Shelby Swink was supposed to marry her college sweetheart on Nov. 1. When he left her just five days before the wedding, the game plan — and life as Swink knew it — quickly changed.

Swink, 23, spent the next few days in shock, rushing to call guests and cancel services. But moping around was the last thing she wanted to do when Nov. 1 rolled around. When wedding photographer Elizabeth Hoard mentioned doing a “trash the dress” photo shoot with friends and family that day, Swink was game.

“I knew that a pity party was the farthest thing from what I wanted or needed,” the Tennessee resident said.

Photo courtesy of Elizabeth Hoard Photography

Her bridesmaids were just as game as she was for the dress-destroying shoot. “My friend Carol threw her paint on me, not hesitating for one second, and it splashed all over my dress,” Swink told The Huffington Post. “That’s when I suddenly realized that the dress didn’t matter. It was merely a material item.”

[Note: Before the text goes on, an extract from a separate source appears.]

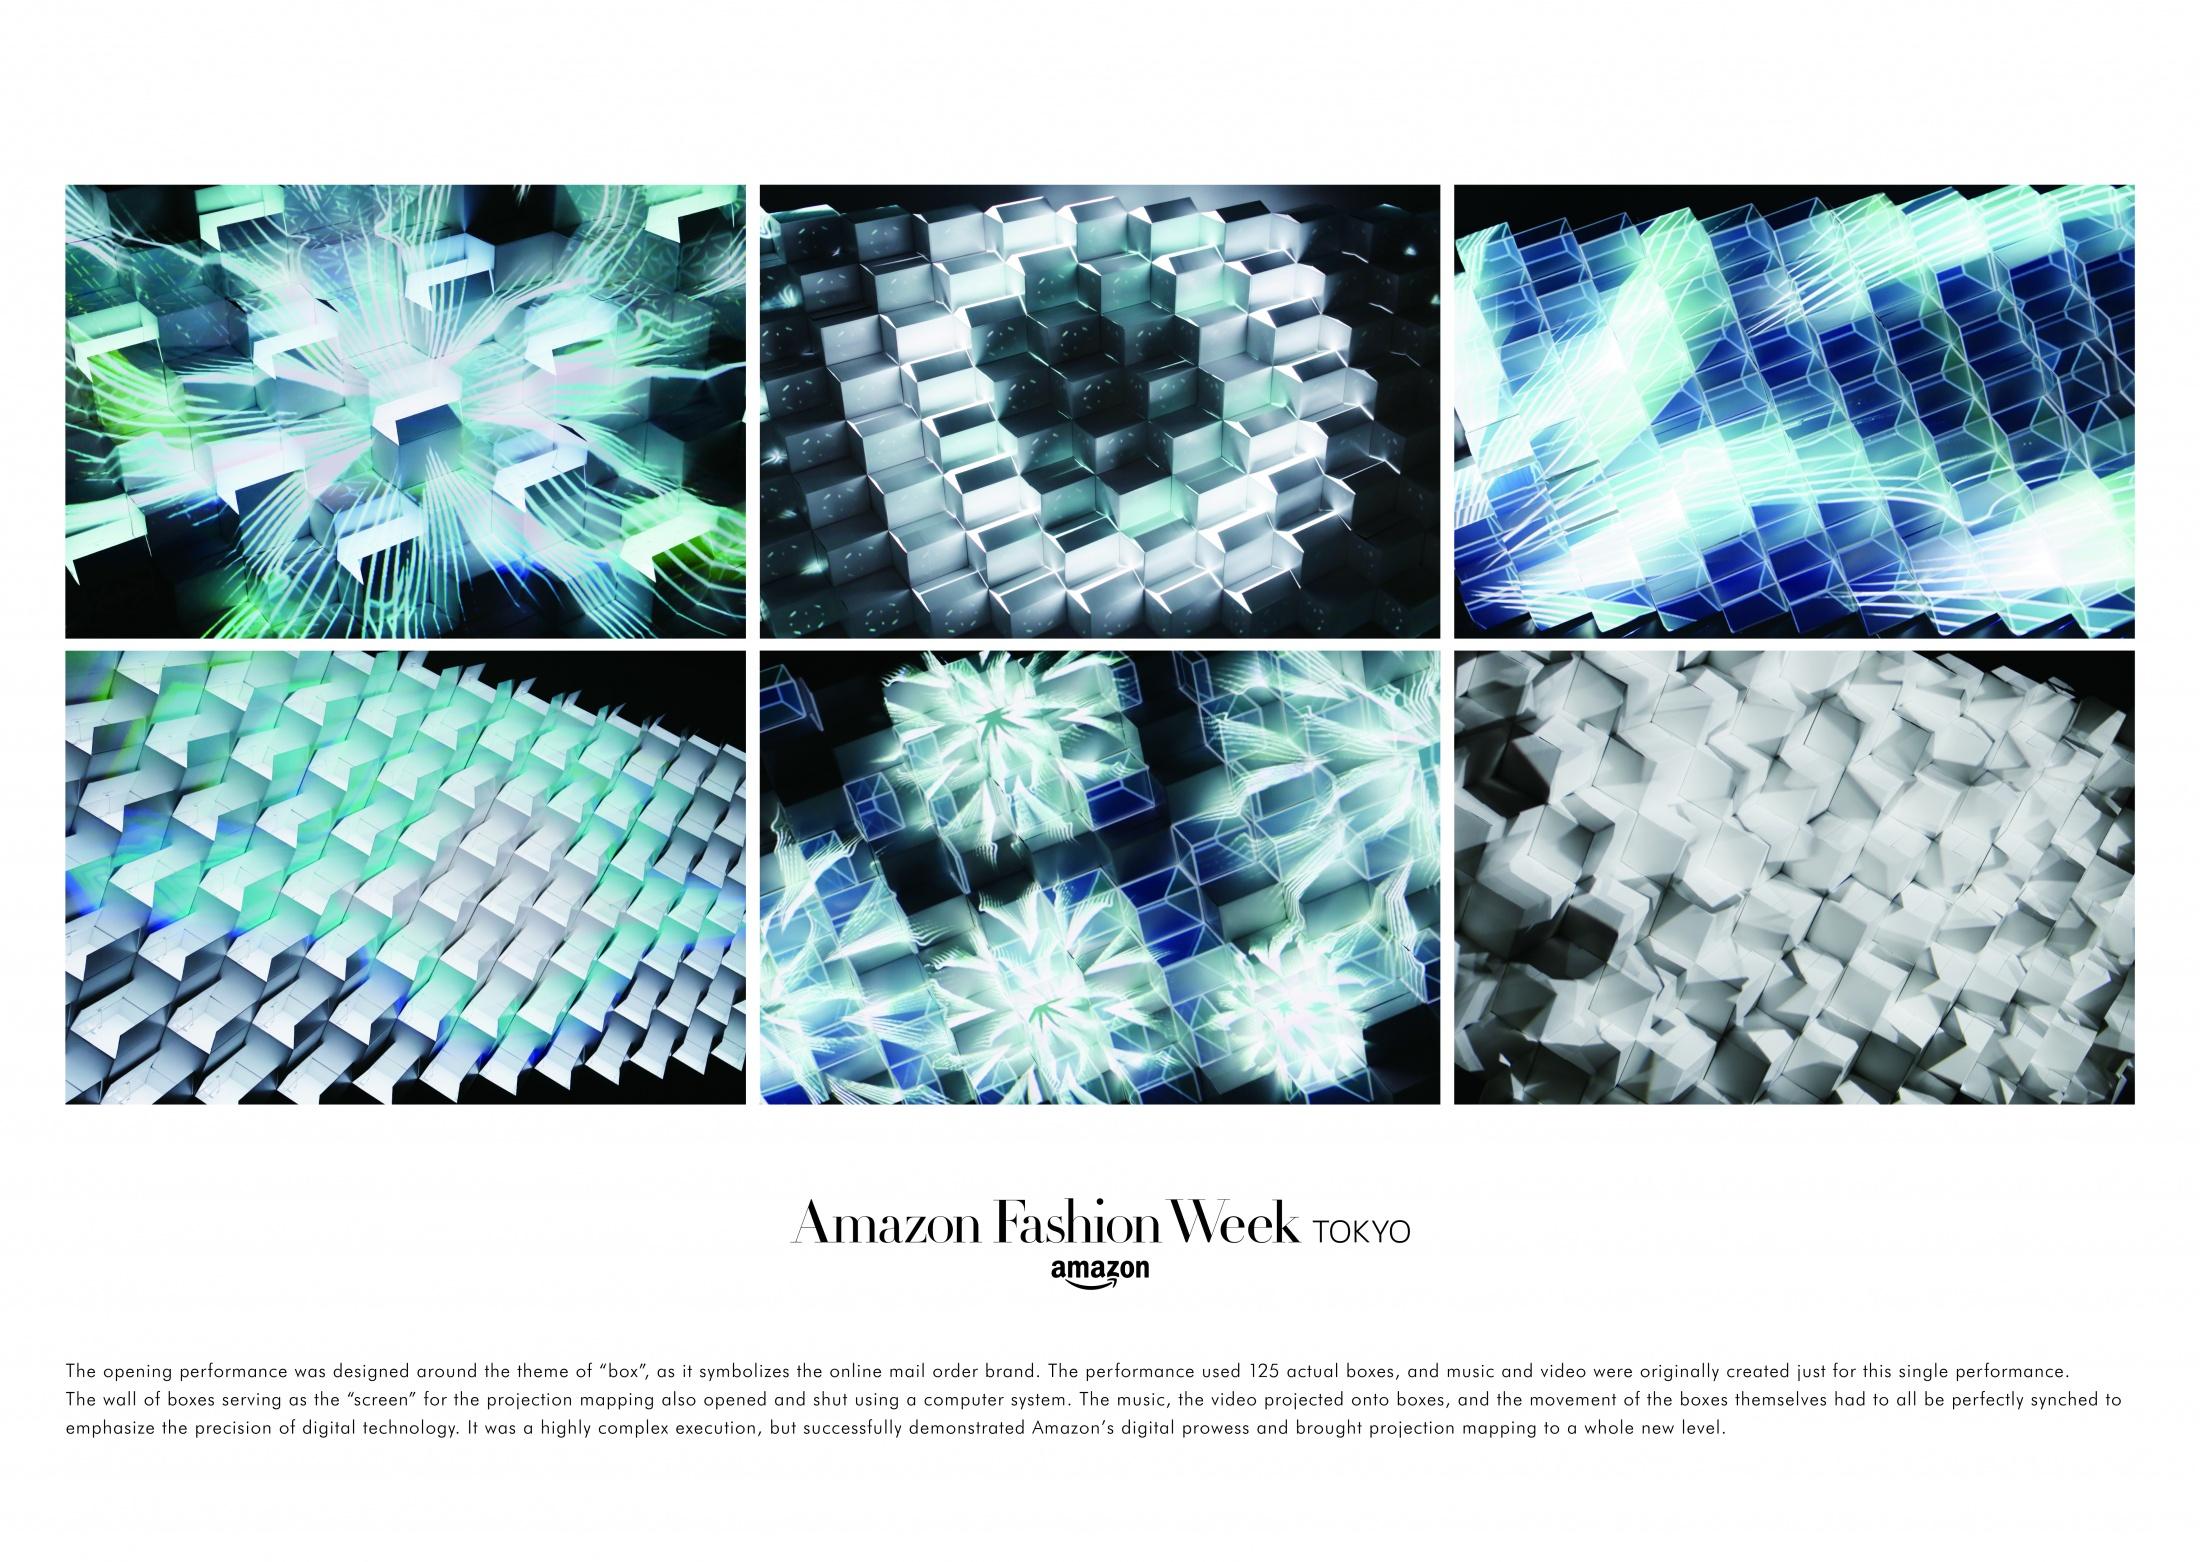 Thumbnail for Amazon Fashion Week Tokyo 2017 S/S Opening Act

Photo courtesy of Elizabeth Hoard Photography

With each flick of paint, Swink felt more and more free: “I let go of everything I was feeling before. I felt free of sadness, free of disappointment, free of anger. I let all of that go and let happiness take over,” she said. “Nov.1 was supposed to be a day full of happiness surrounded by loved ones, and that’s exactly what it was!”

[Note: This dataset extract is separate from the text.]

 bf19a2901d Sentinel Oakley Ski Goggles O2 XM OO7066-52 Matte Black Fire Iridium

Photo courtesy of Elizabeth Hoard Photography

Though Swink had initially worried her parents wouldn’t support the idea, they showed up, too. “My mom had spent so much money on the dress,” she said. “But they were 100 percent supportive. They told me that the money didn’t matter in the end. The only thing that mattered to them was my happiness.”


Photo courtesy of Elizabeth Hoard Photography

In the end, the once white gown was a rainbow-colored mess, with paint-plastered feathers scattered all over it.

Photo courtesy of Elizabeth Hoard Photography

Today, the dress is being displayed in a local bridal shop in Memphis until early January (a portion of the shop’s sales during this time will go to local nonprofit called Be Free Revolution). As for Swink, she says the roller-coaster experience has reminded her to look inward for happiness.

“We define our own happiness, not who we’re with,” she said. “You have to face life head on and use the lemons it gives you to make some awesome lemonade! Everything happens for a reason.”